2007: "I support the trade agreement with Peru. It has very strong labor and environmental protections. This agreement makes meaningful progress on advancing workers' rights, and also levels the playing field for American workers. Most Peruvian goods already enter the U.S. duty free, but our exports to Peru have been subject to tariffs..." (Clinton campaign statement, 11/8/2007)

2008: "NAFTA was negotiated more than 14 years ago, and Hillary believes it has not lived up to its promises." (2008 campaign website.)

2008: "You know, I have been a critic of NAFTA from the very beginning..."

That particular assertion simply cannot go unchallenged. A verbal critic, perhaps. But not one who backed up words with actions when called upon to act. (The author)

"...I didn't have a public position on it, because I was part of the administration, but when I started running for the Senate, I have been a critic. I've said it was flawed. ... you don't have all the record because you can go back and look at what I've said consistently. And I haven't just said things; I have actually voted to toughen trade agreements, to try to put more teeth into our enforcement mechanisms. And I will continue to do so. ... I'm confident that as president, when I say we will opt out unless we renegotiate, we will be able to renegotiate." (Feb. 26, 2008: During an NBC debate.)

Renegotiate? Nope. Never happened. (The author)

2010: "First, let me underscore President Obama's and my commitment to the Free Trade Agreement. We are going to continue to work to obtain the votes in the Congress to be able to pass it. We think it's strongly in the interests of both Colombia and the United States. And I return very invigorated ... to begin a very intensive effort to try to obtain the votes to get the Free Trade Agreement finally ratified." (June 11, 2010: On RCN Television.)

That statement is more in tune with her actual behavior in office. She vacillates.

2011: "Getting this done together sends a powerful message that America and Korea are partners for the long-term and that America is fully embracing its role as a Pacific power. ... I want to state as strongly as I can how committed the Obama Administration is to passing the Korea-U.S. Free Trade Agreement this year. ... This is a priority for me, for President Obama and for the entire administration. We are determined to get it done, and I believe we will." (April 16, 2011: In a talk to a business group in Seoul, South Korea.)
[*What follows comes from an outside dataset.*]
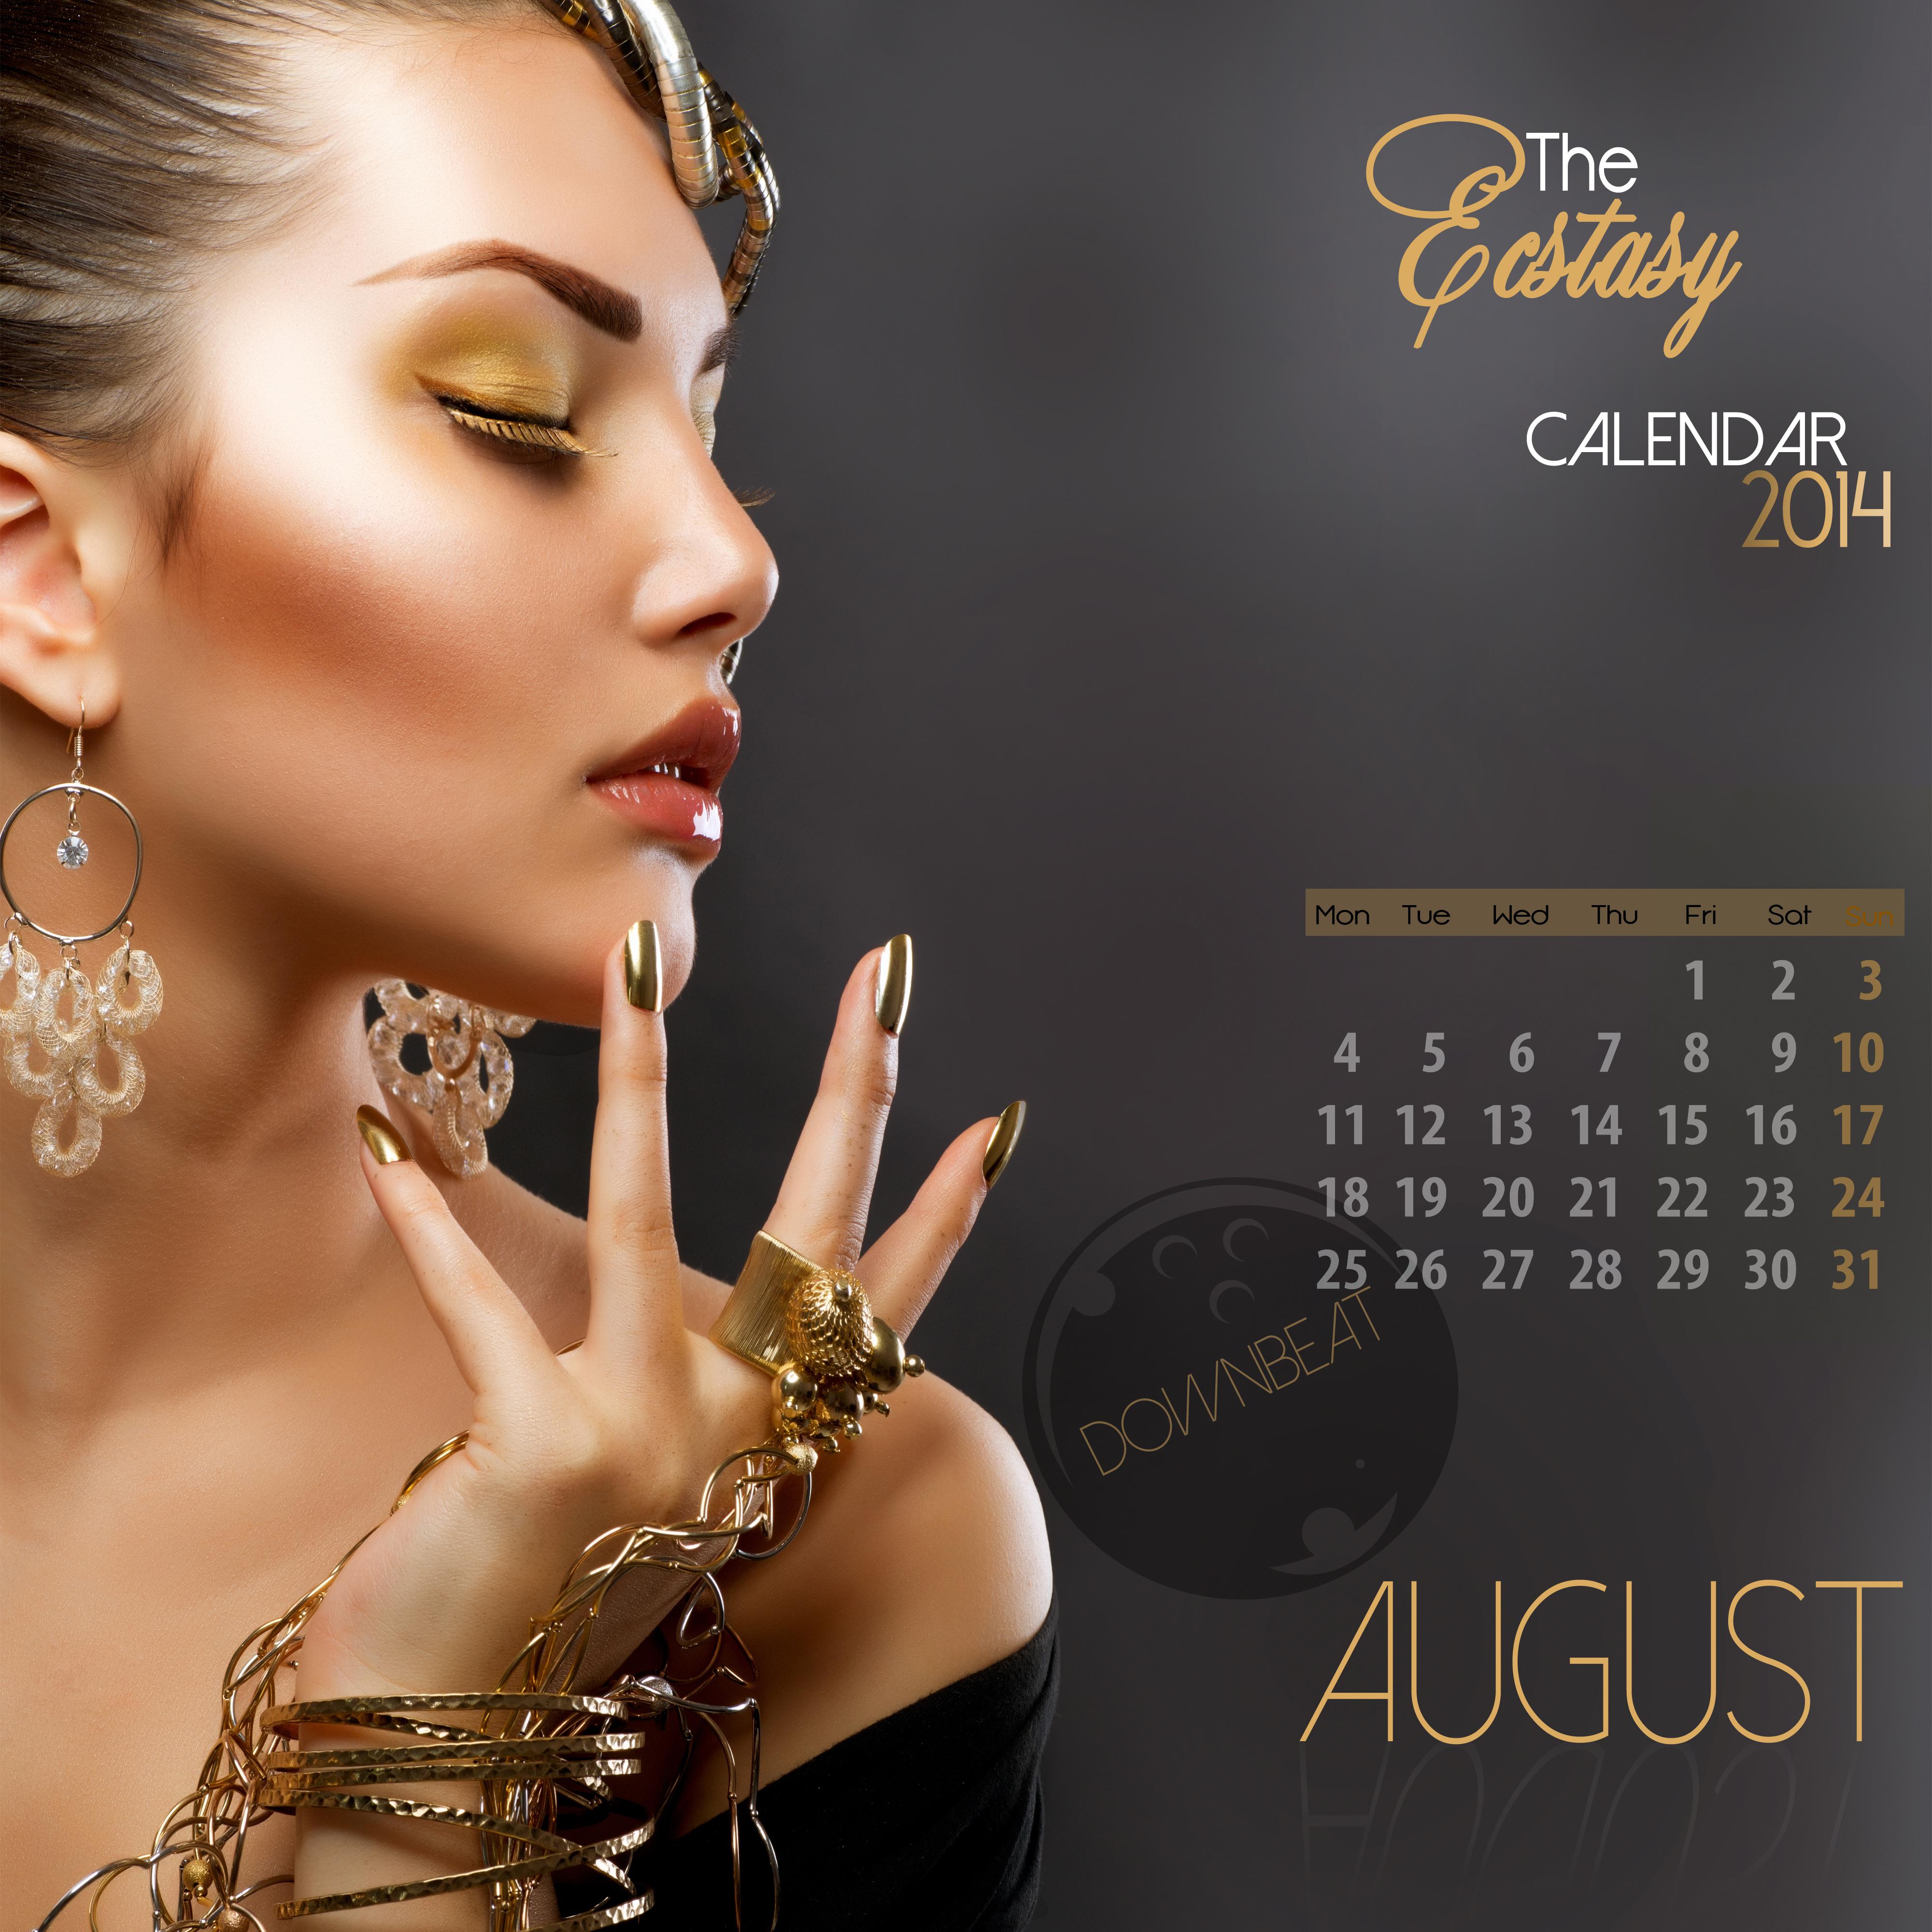 The Ecstasy Calendar 2014: August (Downbeat)
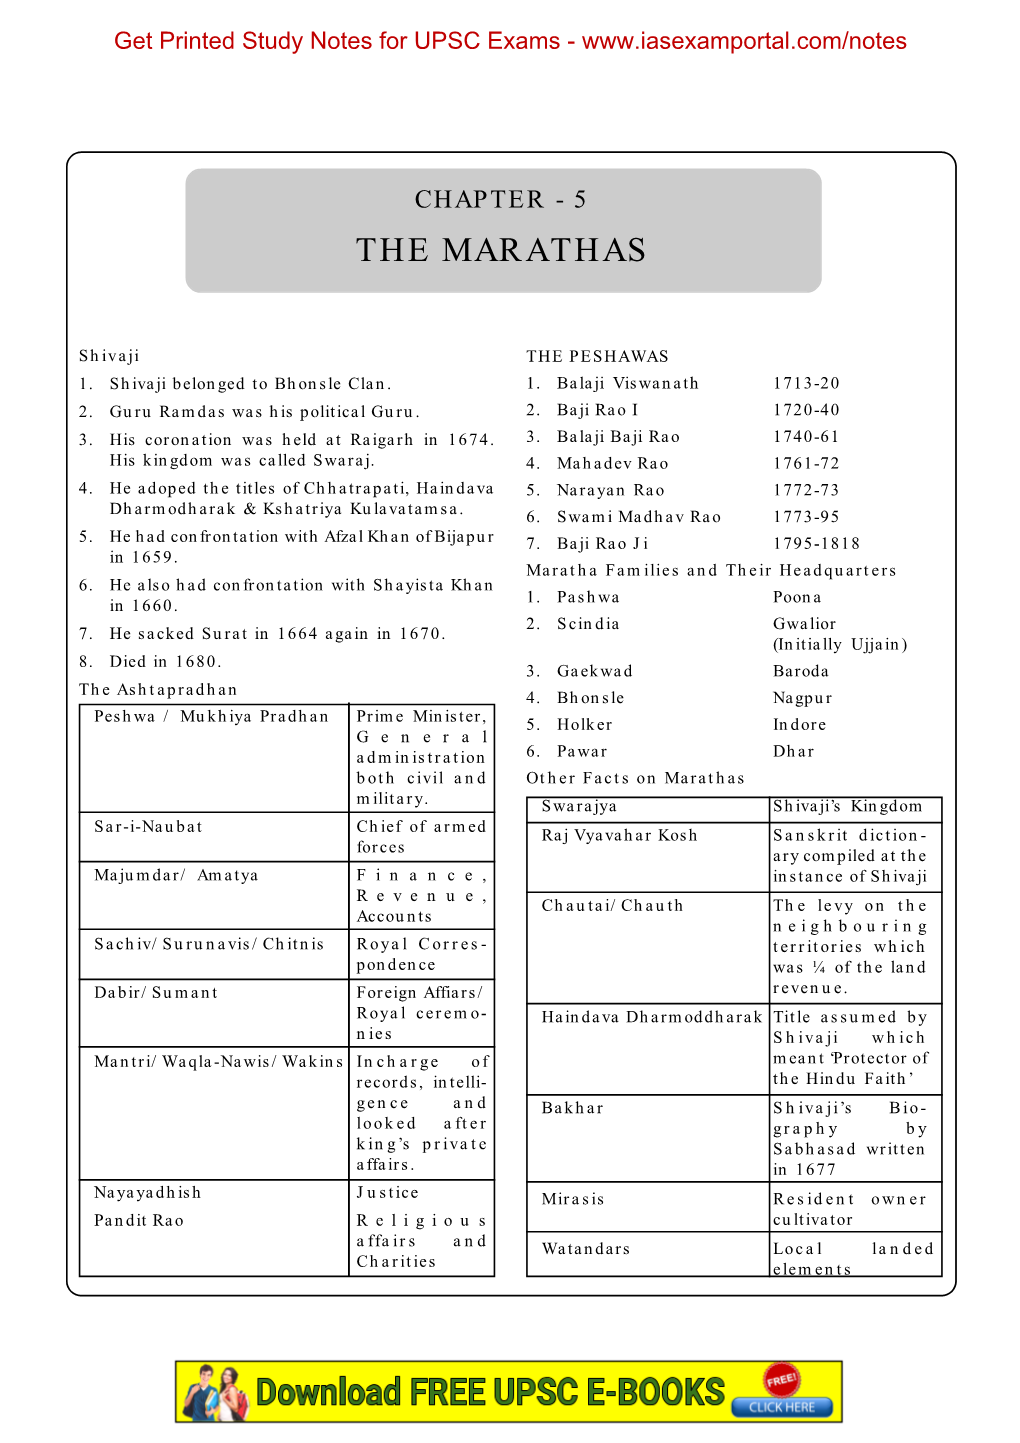 The Marathas

Free trader again. The Korea free-trade agreement was the biggest since NAFTA.

2012: "We need to keep upping our game both bilaterally and with partners across the region through agreements like the Trans-Pacific Partnership or TPP. ... This TPP sets the gold standard in trade agreements to open free, transparent, fair trade, the kind of environment that has the rule of law and a level playing field. And when negotiated, this agreement will cover 40 percent of the world's total trade and build in strong protections for workers and the environment." (Nov. 15, 2012: Comments in Australia.)

But now, of course, she not only doesn't like it, but says it has "too many unanswered questions," i.e. she isn't really sure what's in it.

2014: "One of our most important tools for engaging with Vietnam was a proposed new trade agreement called the Trans-Pacific Partnership (TPP), which would link markets throughout Asia and the Americas, lowering trade barriers while raising standards on labor, the environment, and intellectual property. ... It was also important for American workers, who would benefit from competing on a more level playing field. And it was a strategic initiative that would strengthen the position of the United States in Asia." (From her second memoir, Hard Choices.)

Vacillating in favor again.

2015: "Hillary Clinton believes that any new trade measure has to pass two tests. First, it should put us in a position to protect American workers, raise wages and create more good jobs at home. Second, it must also strengthen our national security. We should be willing to walk away from any outcome that falls short of these tests. The goal is greater prosperity and security for American families, not trade for trade's sake." (Campaign web site.)

Another vacillation. And no reason to believe it will be the last.